Lizbon bizde çok güzel anılar bırakıyor. Oysa giderken hiç bu kadar beğeneceğim bir şehir olacağını düşünmemiştim. Gidecek olanlara en az dört gün kalmalarını tavsiye ederim. Layıkıyla gezmek isterseniz tabi... Umarım Lizbon yazılarımı sevdiniz :) Yeni seyahatlerde buluşmak dileğiyle, sevgiler...





16 yorum:

  1. Ben 2002'de iş için gitmiştim Lizbon'a, gerçekten tadı damağımda kalmıştı. Sayende yeniden gezmiş oldum. Ama görmediğim çok yer varmış tabii! Zaten gezi yazılarını çok seviyorum, fotoğraflar da ayrı güzel. Mutlu olarak okuyorum her seferinde, eline sağlık Ebru'cum!
    Yalnız şu Hintli adama gıcık oldum; neyse aklı başına gelmiştir itiş tepiş beş saat gidince. Allahım insanlar ne sinir ne gıcık ya... empati yoksunu.
    Öpüyorum seni çok, darısı nice başka şehirlere!

    YanıtlaSil
    Yanıtlar
    1. Lizbon gerçekten sürpriz yumurta oldu, bu kadar seveceğimizi bilsek bir iki gün daha kalırdık. Şans işte :) Hintliyi sorma, delirdim adama ya...inat etti kaldı, beş saat sıkıştı köşede :) Adam gibi git işte :)
      Bende öpüyorum canım beğenmene çok sevindim :)

      Sil
  2. Özellikle Belem kulesine bayıldım ne kadar güzel fotoğraflar bunlar böyle Lizbon harika bir yermiş :)

    YanıtlaSil
    Yanıtlar
    1. Ne kadar hoş bir yapı değil mi bane de bayıldım :) Lizbon gerçekten güzel bir şehirmiş...

      Sil
  3. You look beautiful, fantastic photos:)
    kisses

    http://irreplaceable-fashion.blogspot.com

    YanıtlaSil
  4. Great look dear! ♥
    kiss
    New post on my blog: http://vesnamar.blogspot.rs/2017/01/zara-coat.html

    YanıtlaSil
  5. Diğer bölümlerini de aynı keyifle okuduğum yazının son bölümü de harika olmuş.Mutlaka gidip görmek istiyorum bende ♥

    YanıtlaSil
    Yanıtlar
    1. Çok sevindim beğenmene, sıcacık harika bir şehir, gidersen beni hatırla :)

      Sil
  6. Hintliler bizimkilerden de kötü:( Bu arada gezmiş kadar oldum güzel enerjinle.

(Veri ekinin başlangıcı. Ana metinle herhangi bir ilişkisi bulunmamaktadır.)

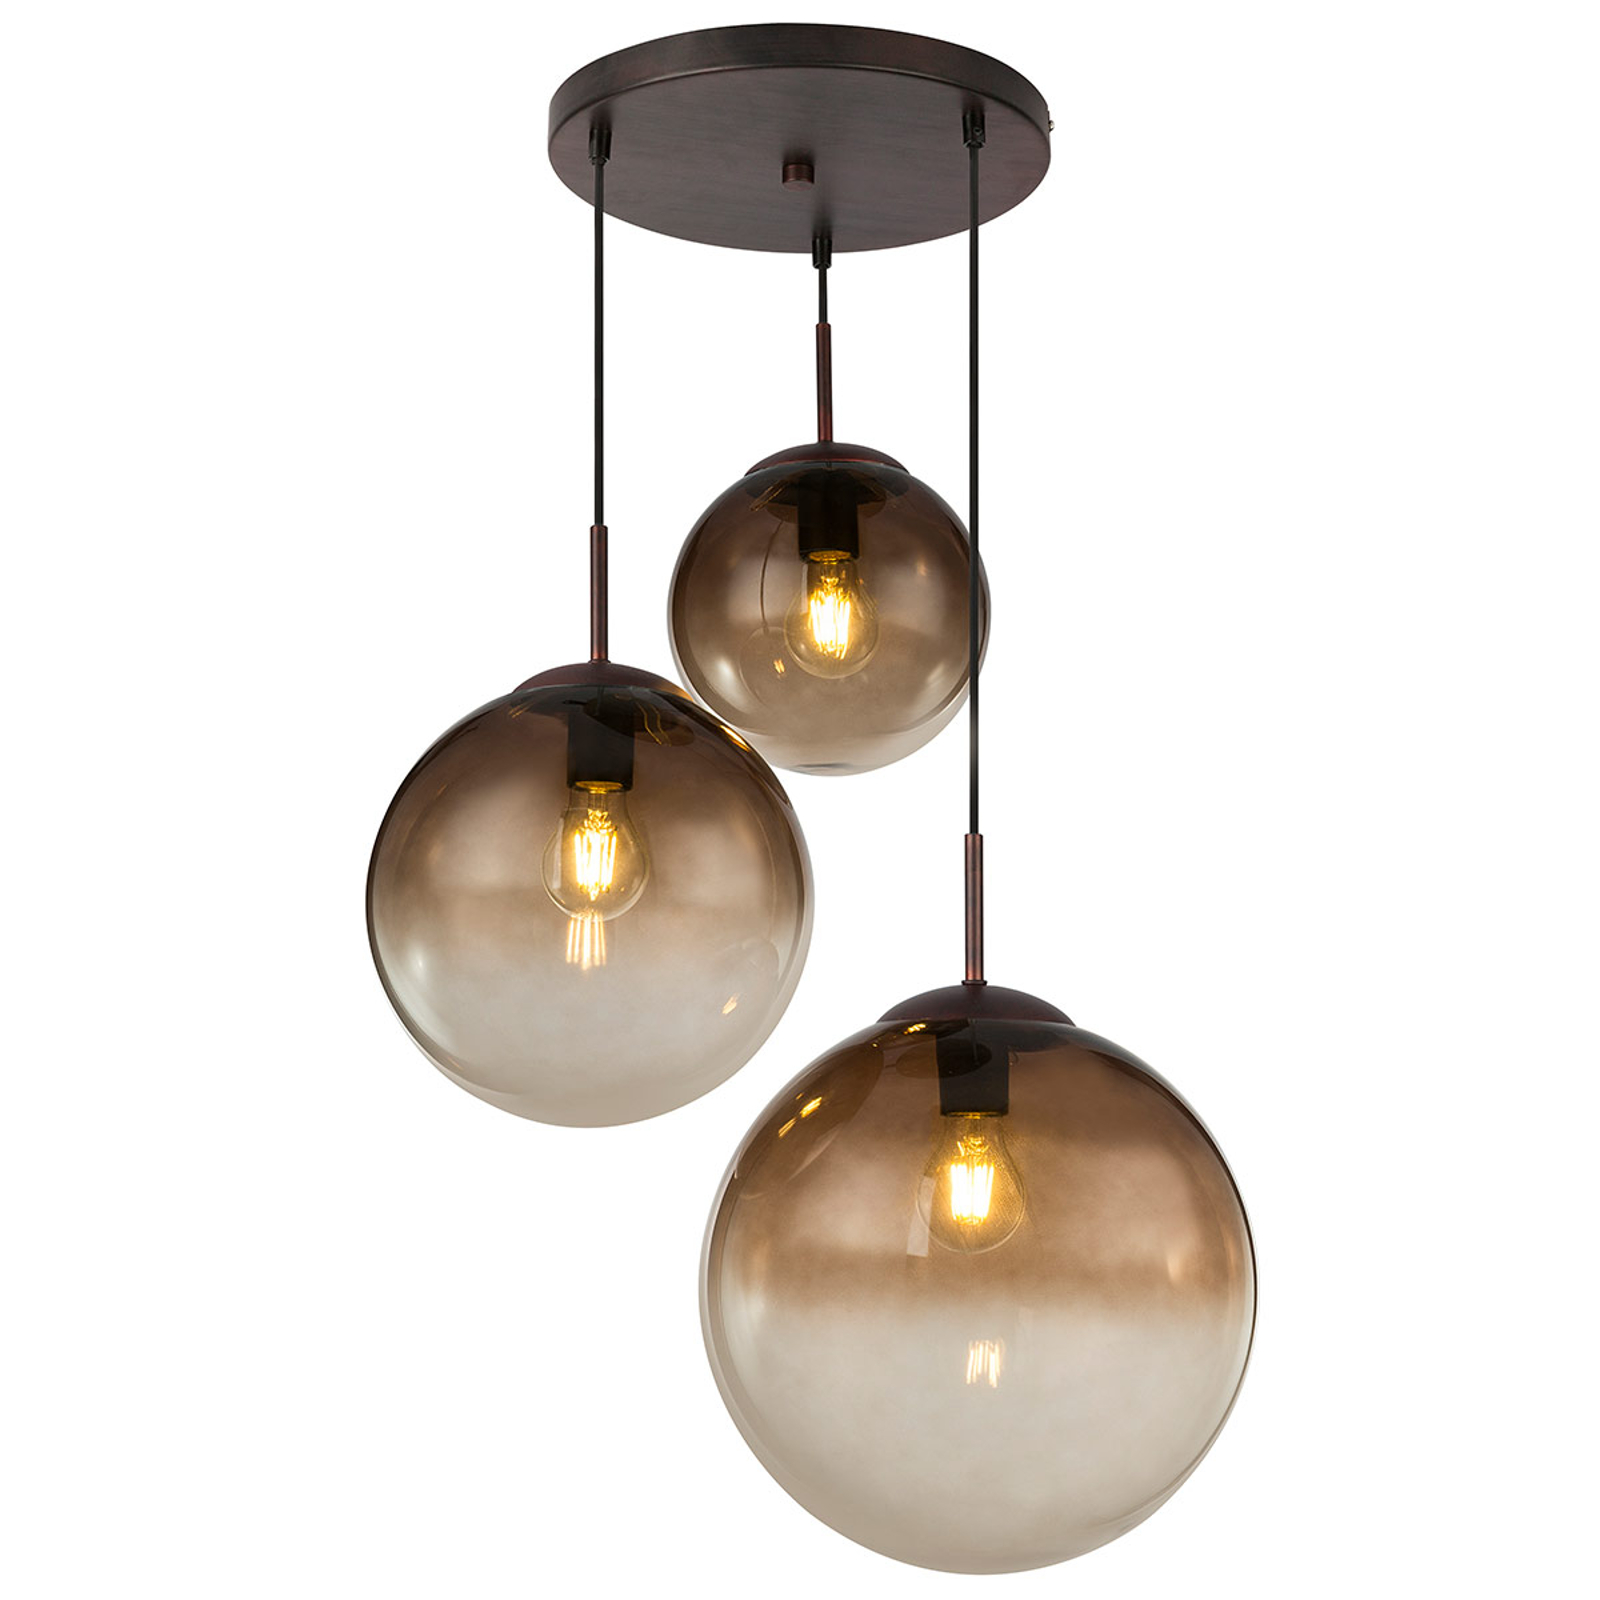 Suspension verre Varus ambre 3 lampes Ø 51cm
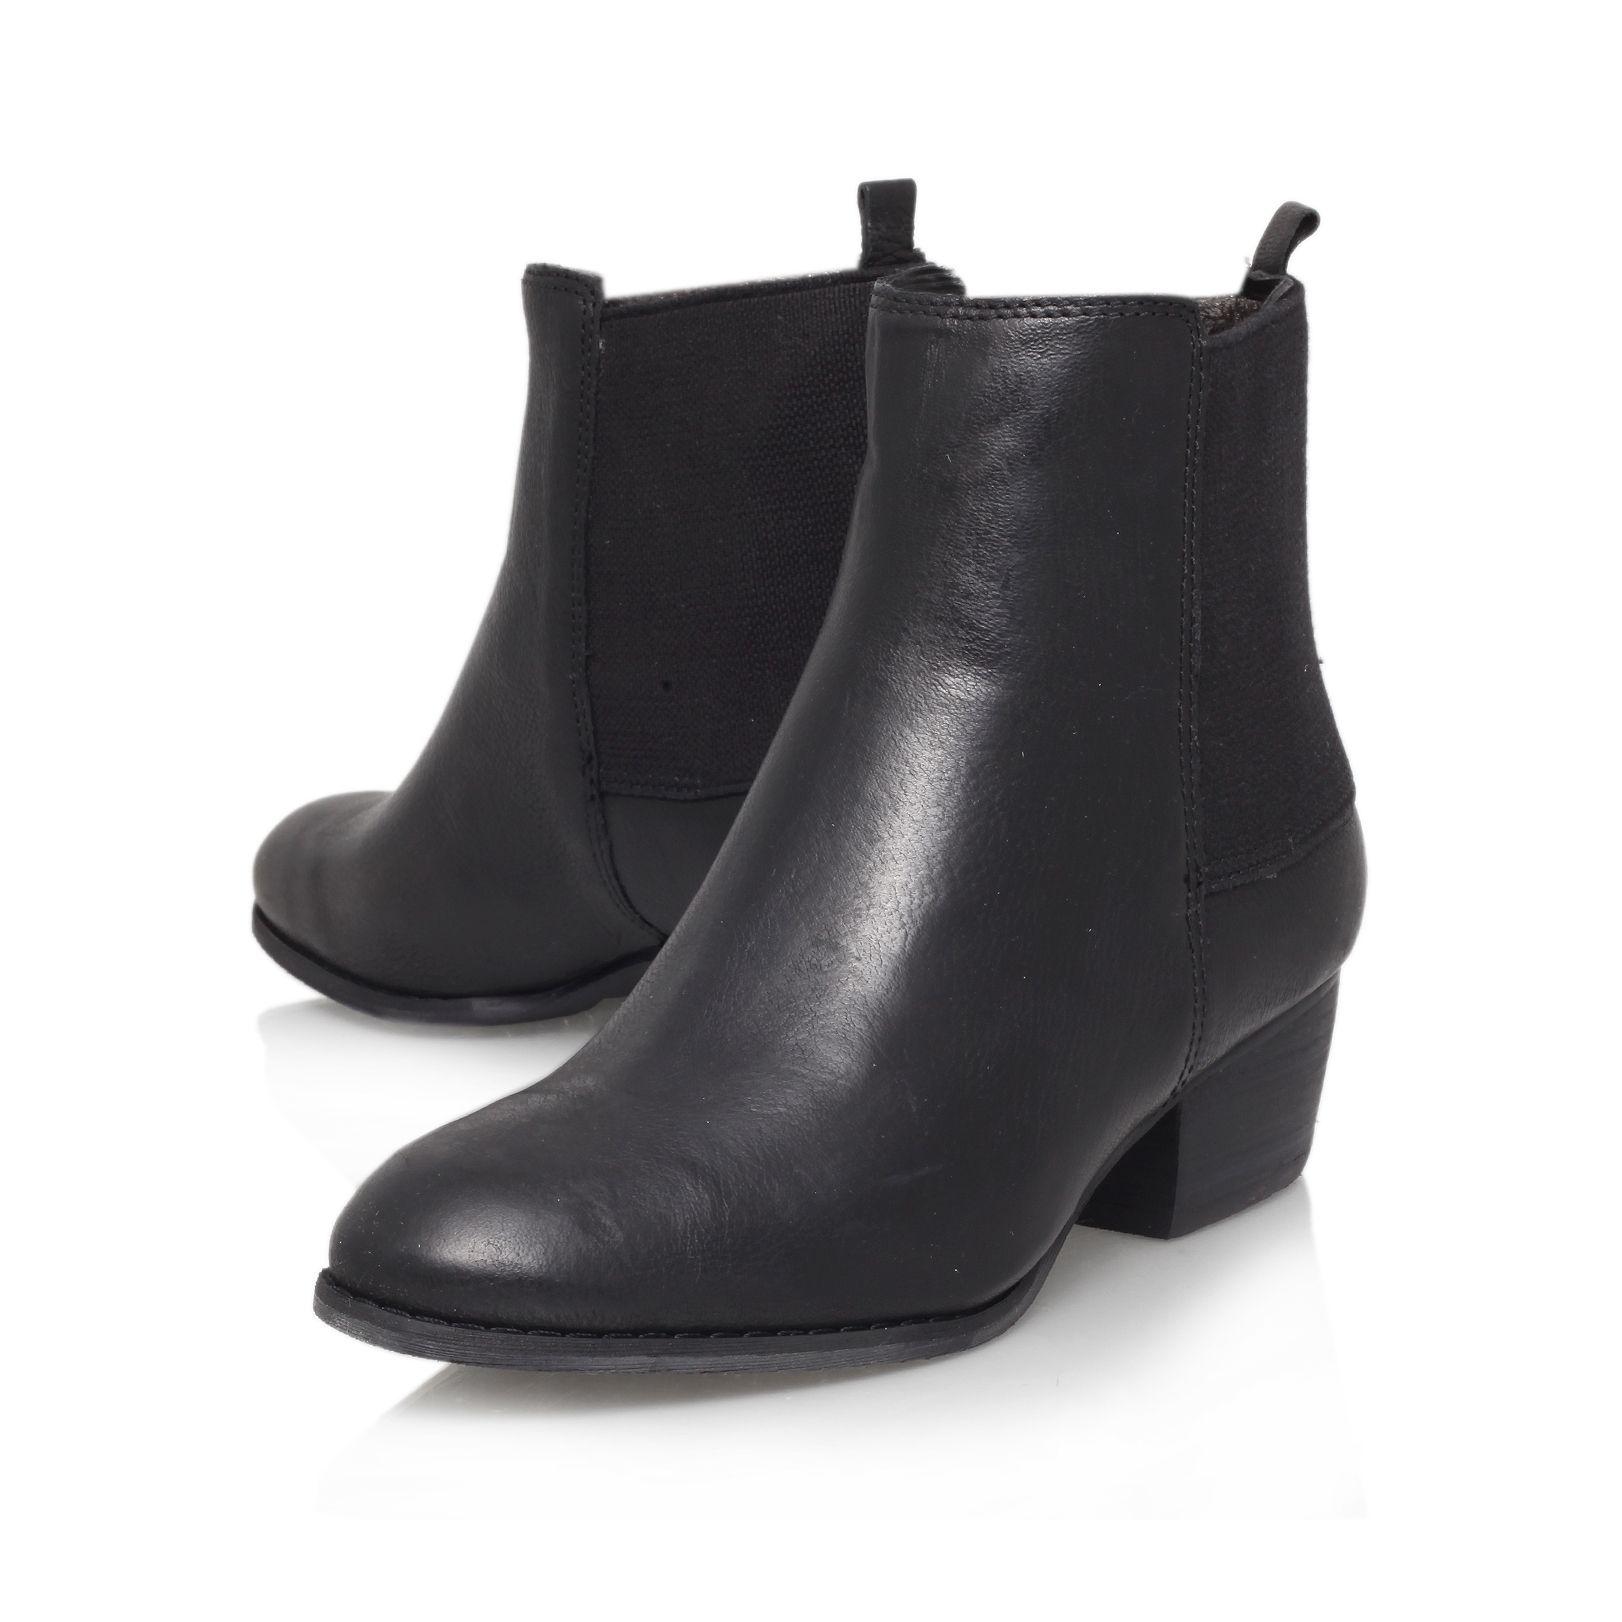 Nine west Jerryrig Low Block Heeled Ankle Boot in Black | Lyst

Çok güzel ya...

    YanıtlaSil
    Yanıtlar
    1. Aynen Nilgüncüm valla şiddetle katılıyorum :( Lizbon güzeldi umarım yolunuz düşer ve beni hatırlarsın:)

      Sil
  7. Hintli adama sinir oldum, kıro..
    Güzel bir yazı olmuş :) güneşli pırıl pırıl bir gökyüzü harika görseller

    YanıtlaSil
    Yanıtlar
    1. Ay çok güldümmm :)))))) valla iyi dedin :))) teşekkür ederim canım beğendiğine sevindim...

      Sil
  8. Çok güzel yerler. Özellikle kale çok ilginç.

    YanıtlaSil
  9. Bence Lizbona gitmeden önce iyi bir planlama yapın. Google map’ta tramvaylar gözükmüyor. Eğer e ile biten bir otobüs hattı varsa bu tramvaydır. Electrico tramvay demek ve tramvay hatları 15e, 250e gibi adlandırılıyor. şehrin turistik haritasına da güvenmeyin. Çünkü hiç kullanışlı değil. Lisbon map tarzı bir app edinin. Toplu taşımada yankesicilik yaygın aman dikkat edin. Bir de commercio meydanında marabalar ot var, cigar var diyerek yanınıza yaklaşıyor sakın muhattap olmayın. Şehir biraz engebelli, eğer yürüyerek gezecekseniz bunu da gözönünde bulundurun.

    YanıtlaSil

Yorumlarınızı benimle paylaşmak ister misiniz?

Blogger tarafından desteklenmektedir.